One underappreciated reason for the unparalleled costs of American urban and infrastructure projects is that the government too often picks contractors based on their sex or race, not the quality or cost of their bids. …
[A] study, focusing on federal set-aside requirements for disadvantaged firms, found that they increased average expenditure overruns by 35 percent and delays by 6.4 percent, relative to normal government bidding. The set-asides also raised the number of costly renegotiations after contracts were issued. These costs, delays, and failures impose substantial burdens on taxpayers and impede the core functions of government. …
If governments want to argue that their present discrimination is justified by past discrimination, they hire highly paid researchers to lay out a litany of their sins. A handful of firms — usually themselves run by racial minorities or women — write these studies, and it’s lucrative work. One estimate pegs the cost at around $500,000 apiece, though large portions of the studies tend to be copied from previous reports. In 2006, one researcher observed that despite these disparity studies’ glaring flaws, they were “perhaps the largest government expenditure for social science research ever.”
Fraud:
The most common kind of MWBE fraud is simple: contractors with subpar bids either lie about being run by minorities or lie about involving other minority businesses in the contract. … These cases tend to follow a certain playbook.
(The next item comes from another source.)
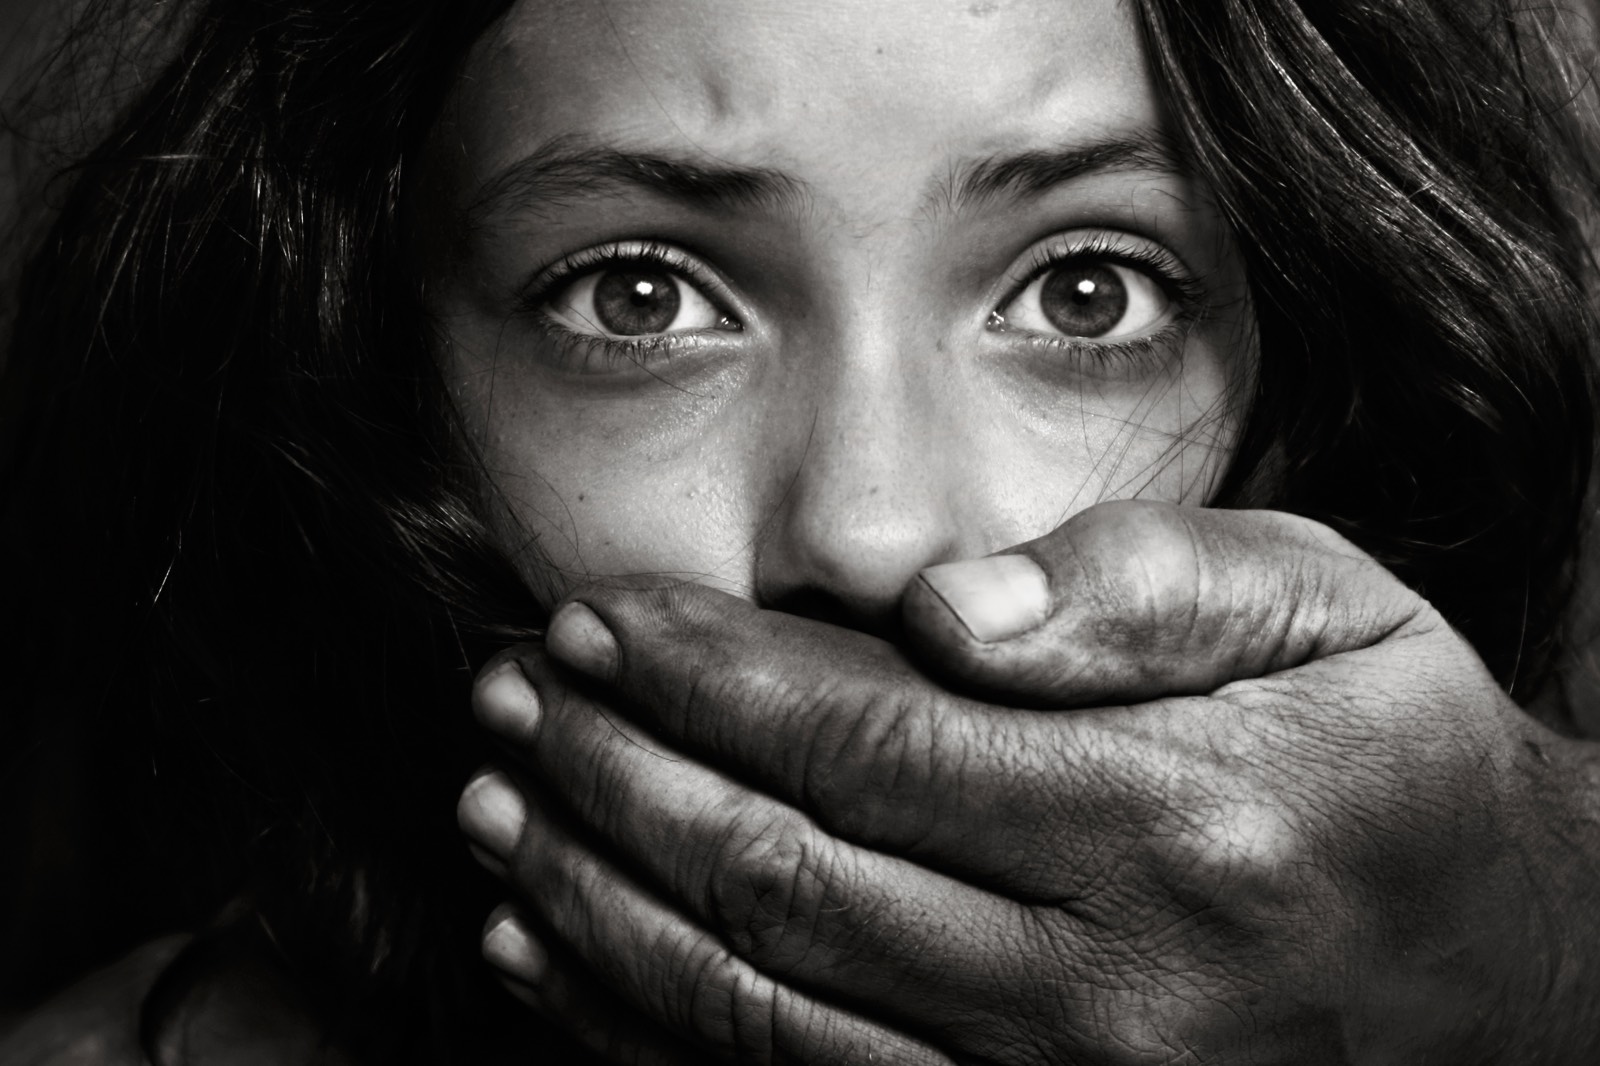 human child trafficking sex slave

A minority-owned front company wins the government contract, takes a small cut, and issues a pass-through contract to a white-owned firm. …
Like all racist policies, minority contracting requires a method to officially determine race:
Tens of billions of dollars are at stake in minority contracts, which means that the government must figure out ways to divine contractors’ race. Doing so isn’t easy because government definitions of race are inevitably unscientific. According to one estimate, more than 300 public and private organizations certify minority and disadvantaged statuses for businesses — usually for a fee that, naturally, must be repaid every few years. …
Lefties — yeah!
Modern progressive racialism has supercharged previous minority-contracting initiatives. As part of President Joe Biden’s proposal to “Build Black Wealth and Narrow the Racial Wealth Gap,” his administration pledges to increase federal contracting to disadvantaged businesses by 50 percent a year, or 15 percent of all contracts. …
The next front in the minority-contracting struggle is giving lesbian, gay, bisexual, and transgender people special access to contracts. There is scant evidence that the government has ever considered the sexual proclivities of, and therefore discriminated against, the owners of bus services or wire-repair companies. That hasn’t stopped the flood of special contracts. The National LGBT Chamber of Commerce has its own certification program, costing $400 per application, to demonstrate that business owners are LGBT.
This is, admittedly, tough to prove: the chamber gives business owners several options, including providing three “letters of reference” to attest to an owner’s sexual identity. One of the chamber’s representatives must then conduct a “site visit” of the business. It must be hard to determine if the owners are acting too heterosexual to qualify. …
California already has a “voluntary” 1.5 percent LGBT procurement goal for private utilities, which must submit plans on how they will try to contract with, say, excavating companies owned by bisexuals.
Colorblind was so much easier, moral, honest, and more efficient. But too many people now have a stake in a racial spoils system.